我想設置爲超過殼更先進的編碼評價這兩種環境。我幾乎沒有什麼專業知識來解決這類問題並確定要尋找什麼;如果您可以提供有關如何開始解決此類問題的指導,我們將不勝感激。
代碼:
val logFile = "s3n://[key:[key secret]@mortar-example-data/airline-data"
val sample = sc.parallelize(sc.textFile(logFile).take(100).map(line => line.replace("'","").replace("\"","")).map(line => line.substring(0,line.length()-1)))
val header = sample.first
val data = sample.filter(_!= header)
data.take(1)
data.count
data.collect
堆棧跟蹤
org.apache.spark.SparkException: Task not serializable
org.apache.spark.util.ClosureCleaner$.ensureSerializable(ClosureCleaner.scala:315)

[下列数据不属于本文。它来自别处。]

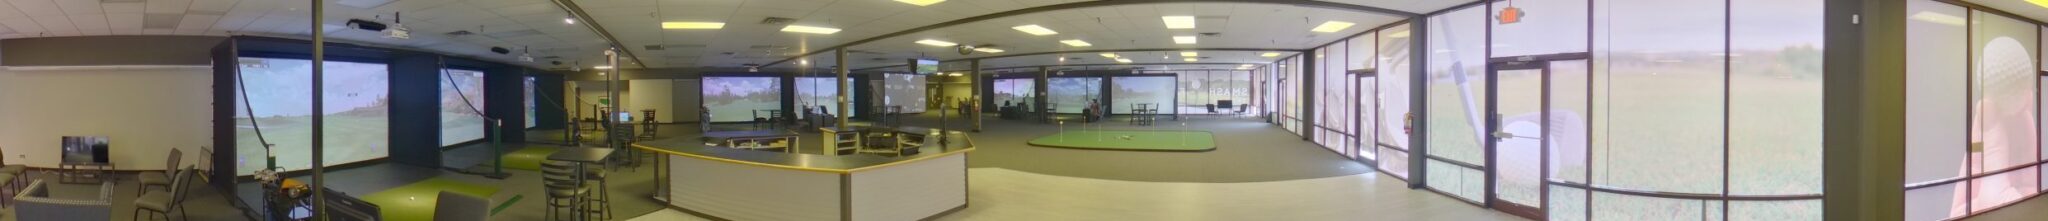 Google 360 Photo | Indoor Golf
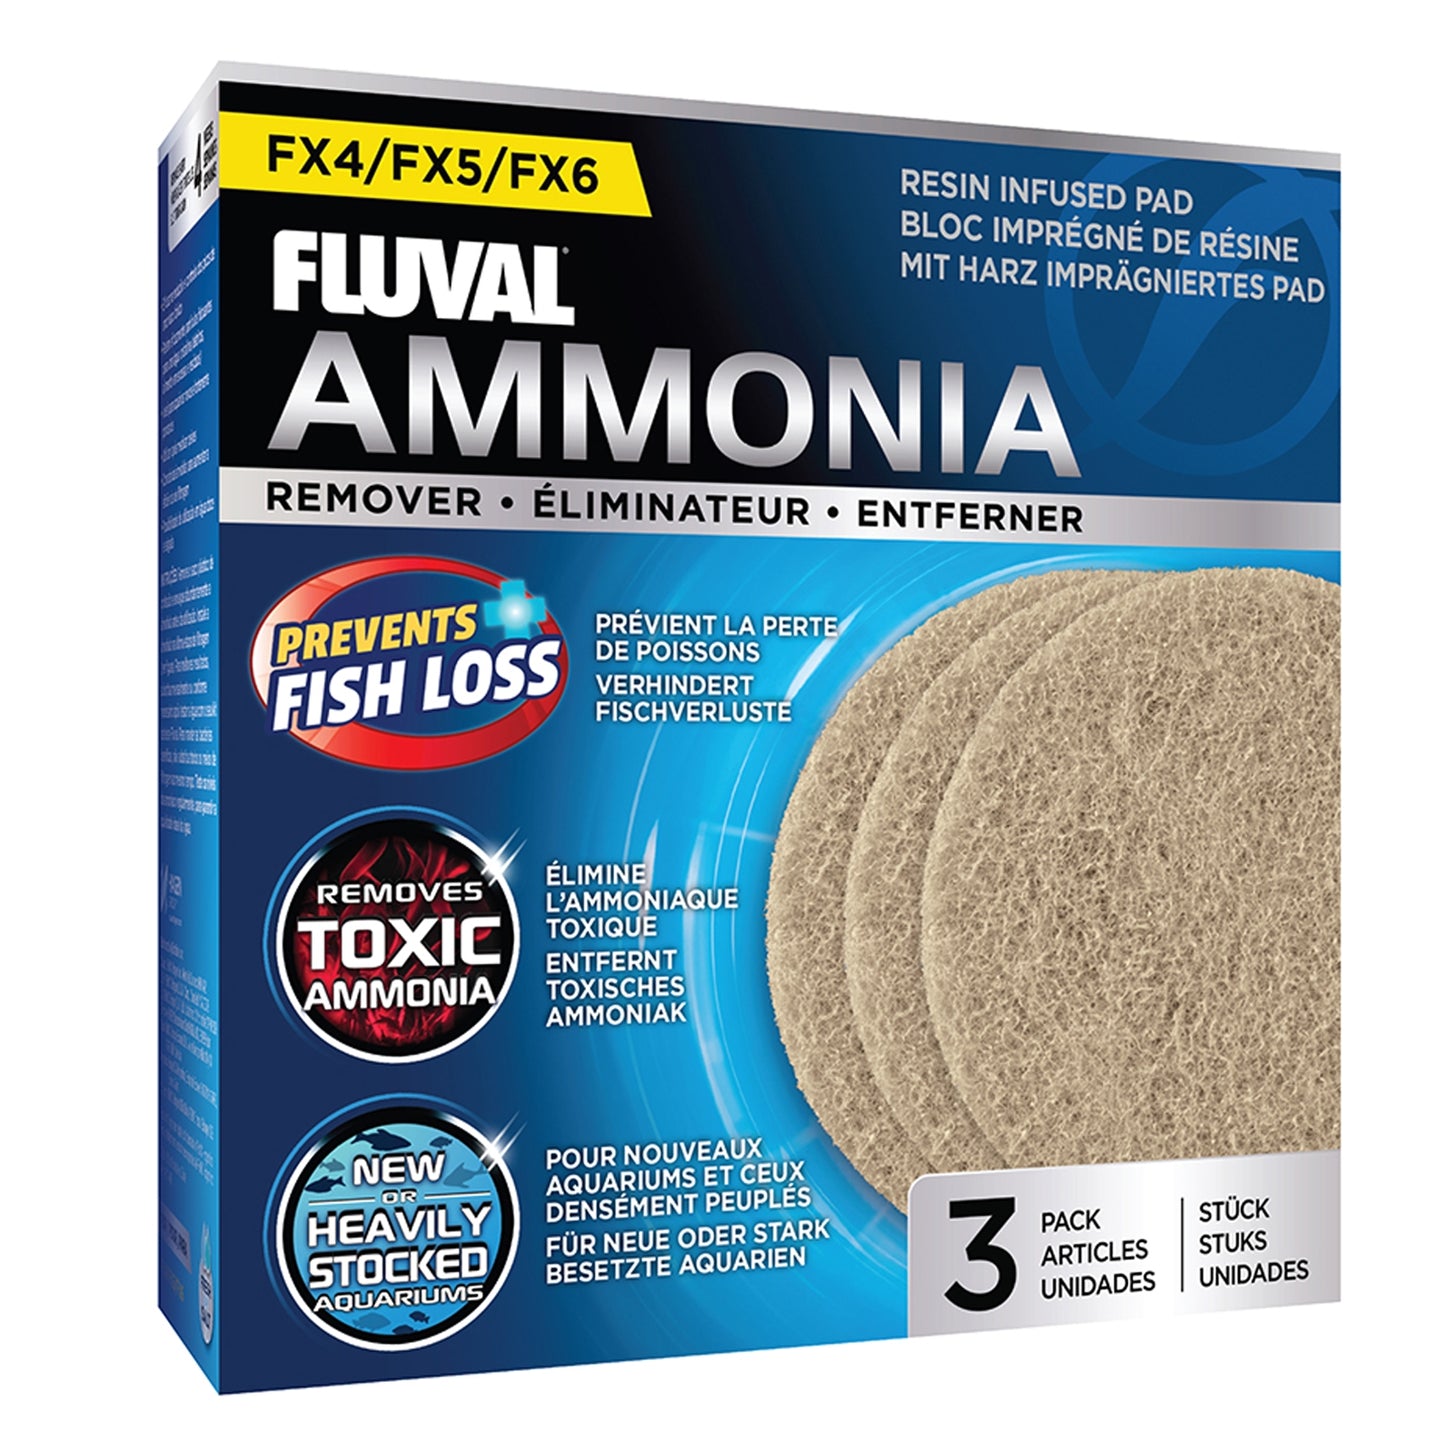 Fluval FX4/FX5/FX6 Resin-Infused Ammonia Remover

org.apache.spark.util.ClosureCleaner$.org$apache$spark$util$ClosureCleaner$$clean(ClosureCleaner.scala:305)
org.apache.spark.util.ClosureCleaner$.clean(ClosureCleaner.scala:132)
org.apache.spark.SparkContext.clean(SparkContext.scala:1893)
org.apache.spark.rdd.RDD$$anonfun$filter$1.apply(RDD.scala:311)
org.apache.spark.rdd.RDD$$anonfun$filter$1.apply(RDD.scala:310)
org.apache.spark.rdd.RDDOperationScope$.withScope(RDDOperationScope.scala:147)
org.apache.spark.rdd.RDDOperationScope$.withScope(RDDOperationScope.scala:108)
org.apache.spark.rdd.RDD.withScope(RDD.scala:286)
org.apache.spark.rdd.RDD.filter(RDD.scala:310)
cmd49$$user$$anonfun$4.apply(Main.scala:188)
cmd49$$user$$anonfun$4.apply(Main.scala:187)
java.io.NotSerializableException: org.apache.spark.SparkConf
Serialization stack:
- object not serializable (class: org.apache.spark.SparkConf, value: [email protected])
- field (class: cmd12$$user, name: conf, type: class org.apache.spark.SparkConf)
- object (class cmd12$$user, [email protected])
- field (class: cmd49, name: $ref$cmd12, type: class cmd12$$user)
- object (class cmd49, [email protected])
- field (class: cmd49$$user, name: $outer, type: class cmd49)
- object (class cmd49$$user, [email protected])
- field (class: cmd49$$user$$anonfun$4, name: $outer, type: class cmd49$$user)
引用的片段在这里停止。